A team of researchers at Kaiser Permanente and the University of California, San Francisco (UCSF) has identified a significant relationship between mortality and the length of telomeres, the stretches of DNA that protect the ends of chromosomes, according to a presentation on Nov. 8 at the American Society of Human Genetics 2012 meeting in San Francisco.
While a reduction in telomere length is regarded as a biomarker of aging, scientists have not yet determined whether it plays a direct causal role in aging-related health changes and mortality or is just a sign of aging.
In their prospective study of 100,000 multi-ethnic individuals whose average age was 63 years, the researchers determined that an association between telomere length and mortality existed and persisted even after the data were adjusted for such demographic and behavioral factors as education, smoking and alcohol consumption, said Catherine Schaefer, Ph.D., director of the Kaiser Permanente (KP) Research Program on Genes, Environment and Health (RPGEH).
Dr. Schaefer and Neil Risch, Ph.D., director of the UCSF Institute for Human Genetics, are principal investigators of the Genetic Epidemiology Research Study on Adult Health and Aging (GERA). UCSF professor and Nobel laureate Elizabeth Blackburn, Ph.D., led the research on telomere length measurement.
The telomere research, part of the GERA project, has genotyped over 675,000 markers of 100,000 KP Northern California patients and linked them with health data from their electronic medical records. To obtain DNA for genotyping and telomere measurement, the researchers collected saliva samples from the patients, who volunteered for the project and provided scientists with access to their electronic medical records.
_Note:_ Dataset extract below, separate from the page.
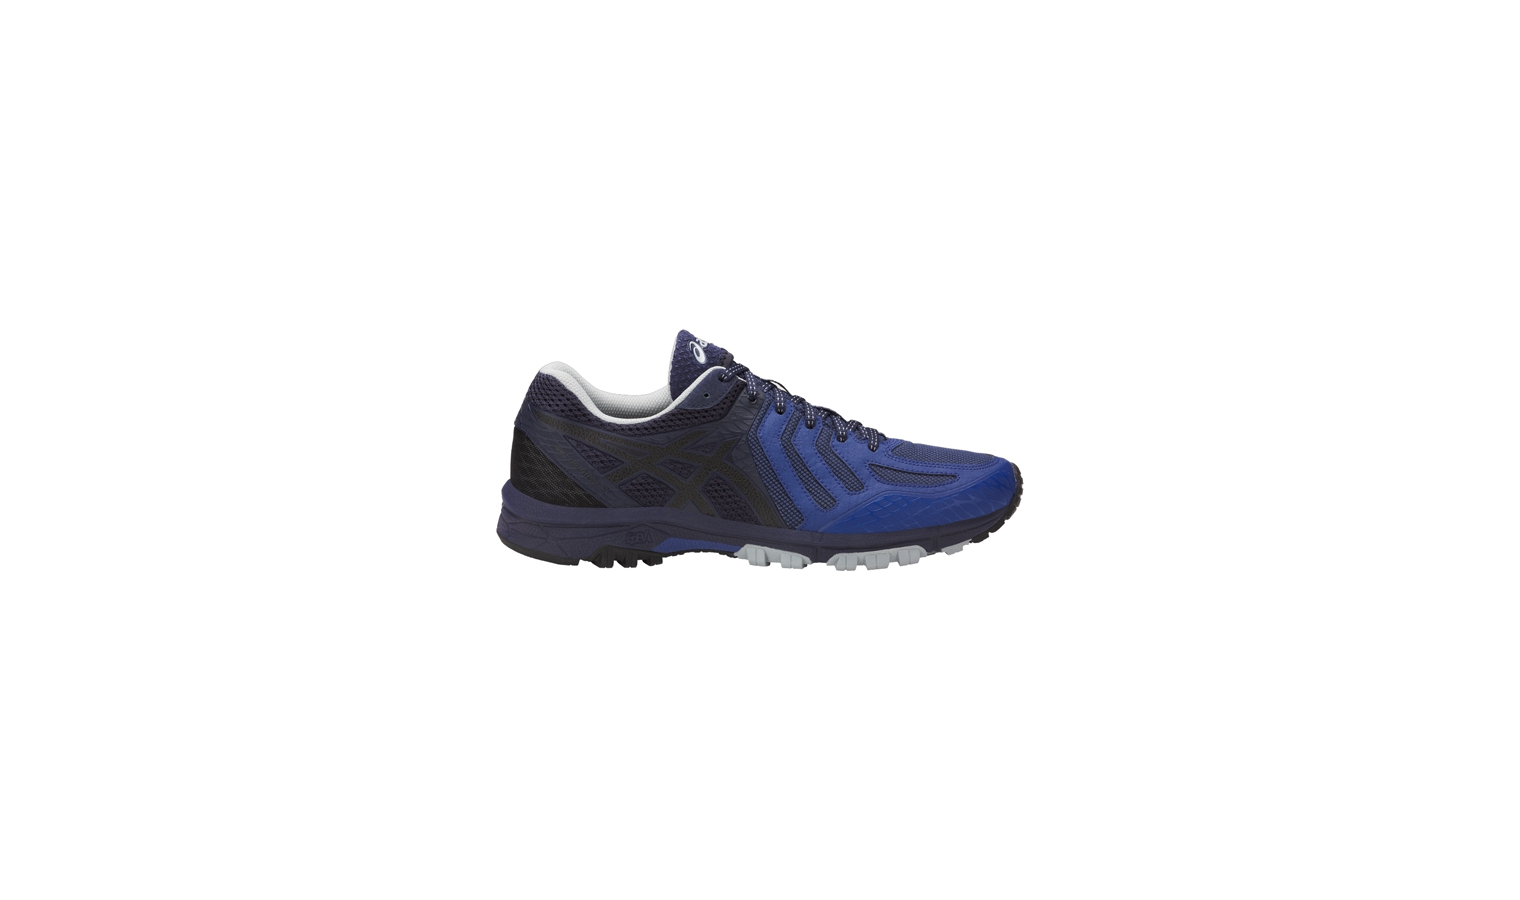 f19f8a11a25a5 Pánské běžecké boty Asics GEL-FUJIATTACK 5 modré | AD Sport.cz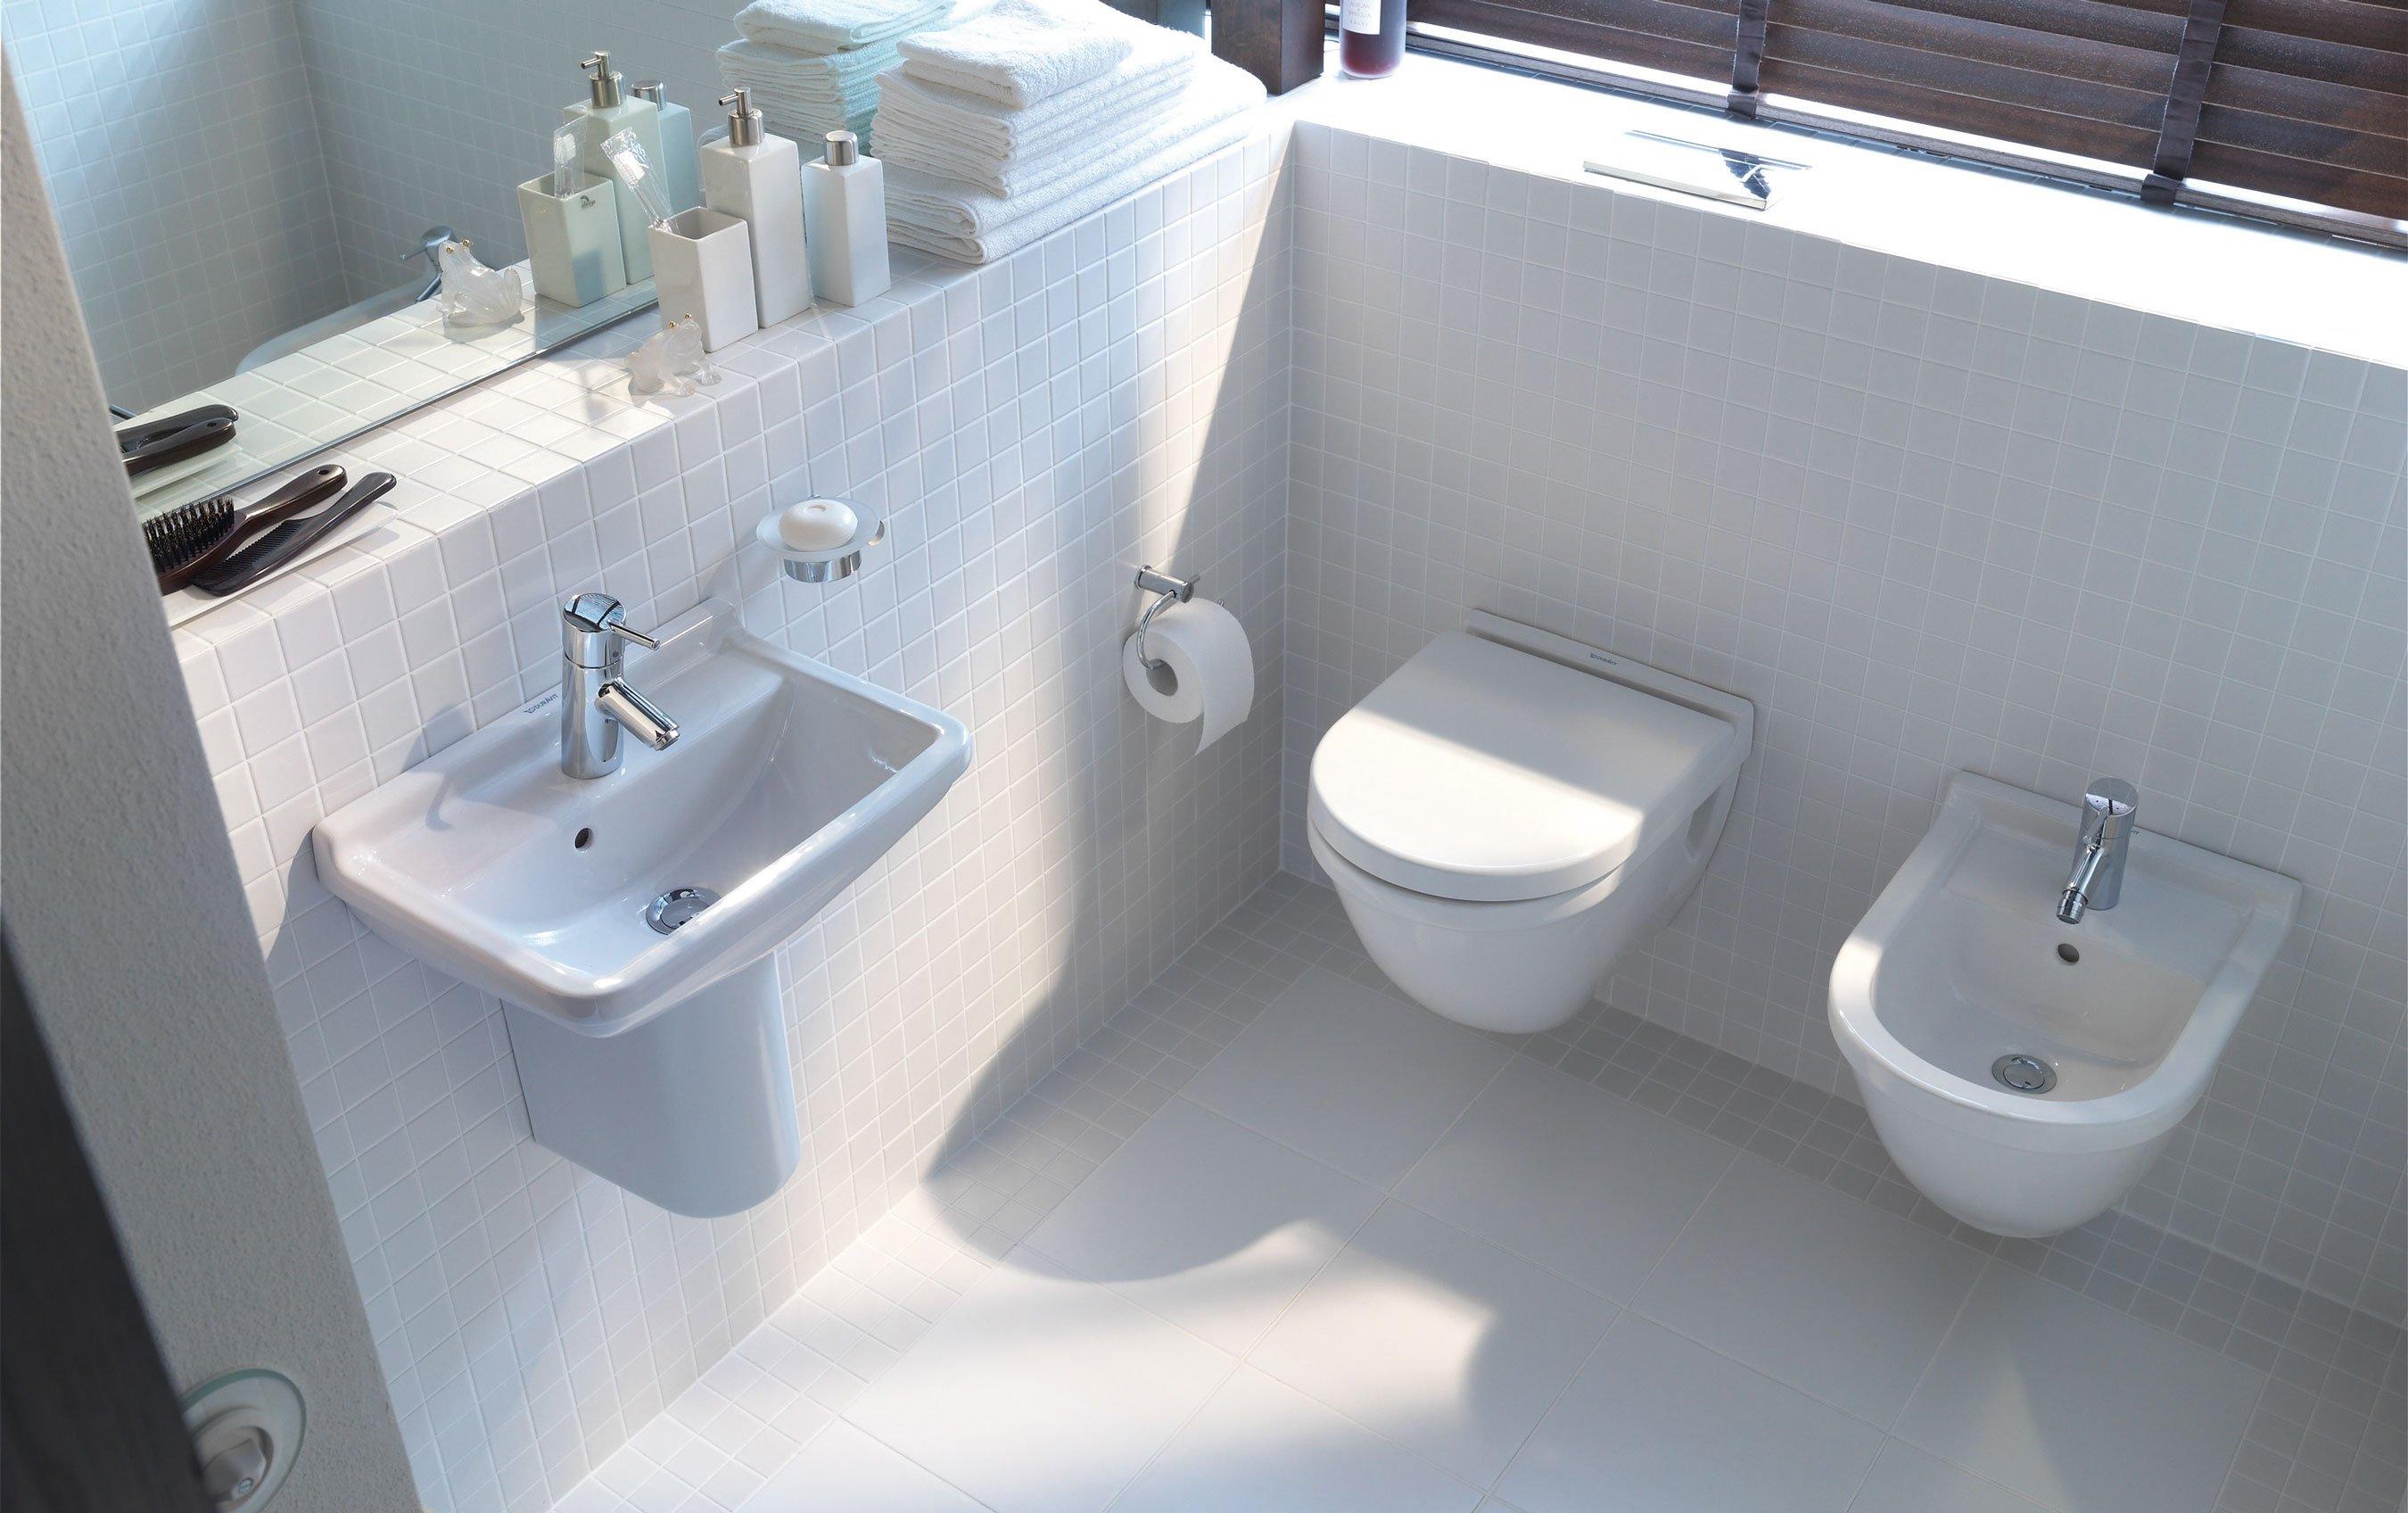 Sanitari sospesi e salvaspazio cose di casa - Misure scarichi sanitari bagno ...

Two years prior to the saliva collection, the researchers conducted a detailed survey of the patients' demographic and behavioral factors, providing a unique opportunity to address questions of telomere epidemiology and aging.
"With these data, we examined demographic relationships with telomere length, behavioral influences and relationship of telomere length with all causes of mortality following sample collection," said Dr. Schaefer. "Although we found that shorter-than-average telomeres were prospectively associated with mortality, only those with the shortest telomeres were at increased risk of death."
Dr. Risch added, "While this could indicate a direct effect of telomere length on health, it will also be important to examine the extent of pre-existing diseases in these individuals to understand their possible role in the biological connection between telomere length and longevity."
Dr. Risch said that he and the other scientists expected to and did find that telomere length was inversely correlated with age, and women had longer telomeres than men except as young adults. All analyses controlled for age and gender.
Harvard Medical School scientist Cynthia C. Morton, Ph.D., who was not involved in the study, commented, "The GERA study is especially impressive for the large resource of DNA samples and corresponding electronic medical records available from KP patients, and for the outstanding group of scientists collaborating in the research.
"The intriguing findings on telomere length in the GERA cohort are no doubt among many yet forthcoming, prompting further investigations into the basis for ethnic differences in telomere length such as whether specific oral environmental exposures in ethnic groups might account for differences in telomere lengths in saliva DNA samples," added Dr. Morton, William Lambert Richardson Professor in Harvard's department of obstetrics, gynecology and reproductive biology.
Like several other investigations, GERA detected significantly longer telomeres among African Americans than other groups, but did not reveal a significant difference between European-Americans, Latinos and Asians.
According to the GERA results, telomere length was positively correlated with such factors as level of education and body mass index (BMI), and negatively correlated with cigarette smoking and alcohol consumption. However, telomere length was not associated with major depression or stress-related disorders, although other studies have reported an association between telomere length and depression and stressful events.
Links between shorter telomeres and risks for cardiovascular disease, diabetes, some cancers, depression, pulmonary fibrosis, vascular dementia, osteoarthritis and osteoporosis have been detected by Dr. Blackburn, one of three scientists honored with the 2009 Nobel Prize in Physiology or Medicine, and her research group as well as other labs. Telomeres are special DNA sequences attached to the ends of each of the 46 chromosomes in human cells. When telomeres become too short, cells can no longer multiply.